Preferably, the layers of the web 17 are locked together with stitches 39 before the preform 31 is cut to length and, typically before the last roll station (FIG. 5M) in the primary roll set. This is done, for example, by a known process such as the process disclosed in U.S. Pat. No. 6,047,511 which can be modified by first compressing the material lanced from the web 17 to expand it relative to the lanced hole from which it is cut rather than, as the patent shows, first compressing the material surrounding the lanced hole to shrink the hole relative to the material lanced from the hole. As shown in FIG. 1, two vertically spaced rows of stitches 39 can be formed in the web 17. The stitches 39 improve the stability of the grid tee preform 31 when it is run through the secondary roll set.

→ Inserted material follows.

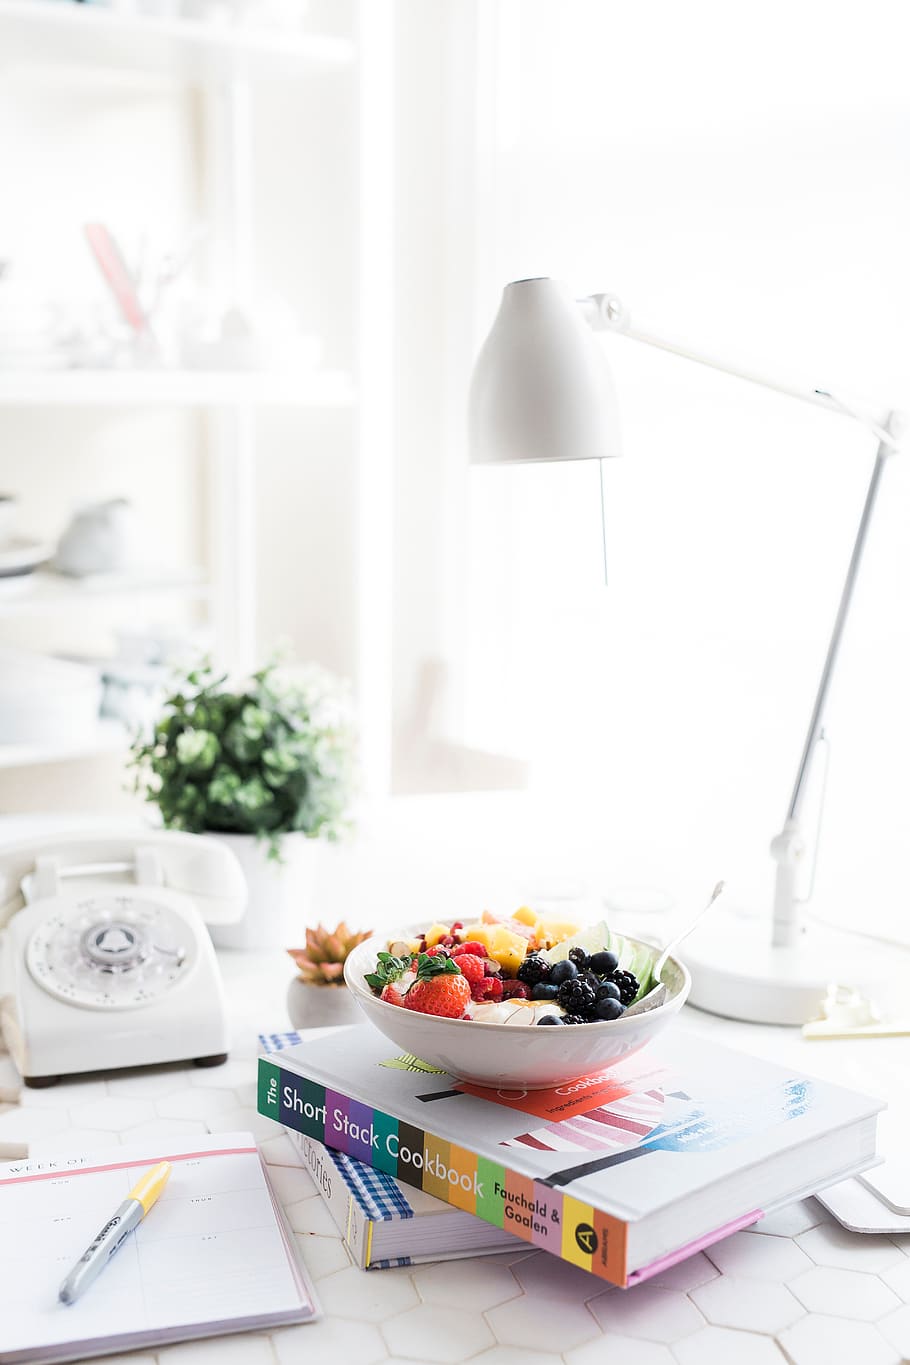 fruits, food, dessert, sweets, book, notebook, pen, table, white, lamp

As previously mentioned, the perform tee 31, made of the combined main body strip 12 and face strip 13 finished in the primary roll set of FIGS. 5A-5M is rough cut to a length and passed to a stamping press. After the preform tee 31 is processed in the press, it is sent through the secondary roll set schematically shown in FIG. 6A-6L. Each figure progressing from FIG. 6A-6L represents a successive roll set. An inspection of these roll set views shows that there is no upper roller back-up on the upper side of the preform flanges, designated 40 in FIG. 6A, that lies vertically under the bulb 16. Close inspection of the FIGS. 6B-6L reveals that the preform flange 40 bends upwardly on each side of the web 17 at the score line 38 despite the absence in each of these illustrated stations of a back-up roll on the upper side of the flange 40 inward of the score lines 38. This bending is initiated in the roll station shown in FIG. 6B where the flange 40 is deflected upwardly by a lower roll 46. The rolls in the stations shown in FIG. 6B-6K progressively deform each side of the flange 40 through a series of gull wing stages. The station at FIG. 6K squares up the gull wing character of the tee flange departing the station shown in FIG. 6J. The tee 10 is finally shaped in the station of FIG. 6L. Throughout the stations, 6B-6L, the score lines 38, like creases in a sheet of cardboard, localize the bending of the flange 40 even though there is no back-up roll at the inside of this bend.
It should be evident that this disclosure is by way of example and that various changes may be made by adding, modifying or eliminating details without departing from the fair scope of the teaching contained in this disclosure. The invention is therefore not limited to particular details of this disclosure except to the extent that the following claims are necessarily so limited.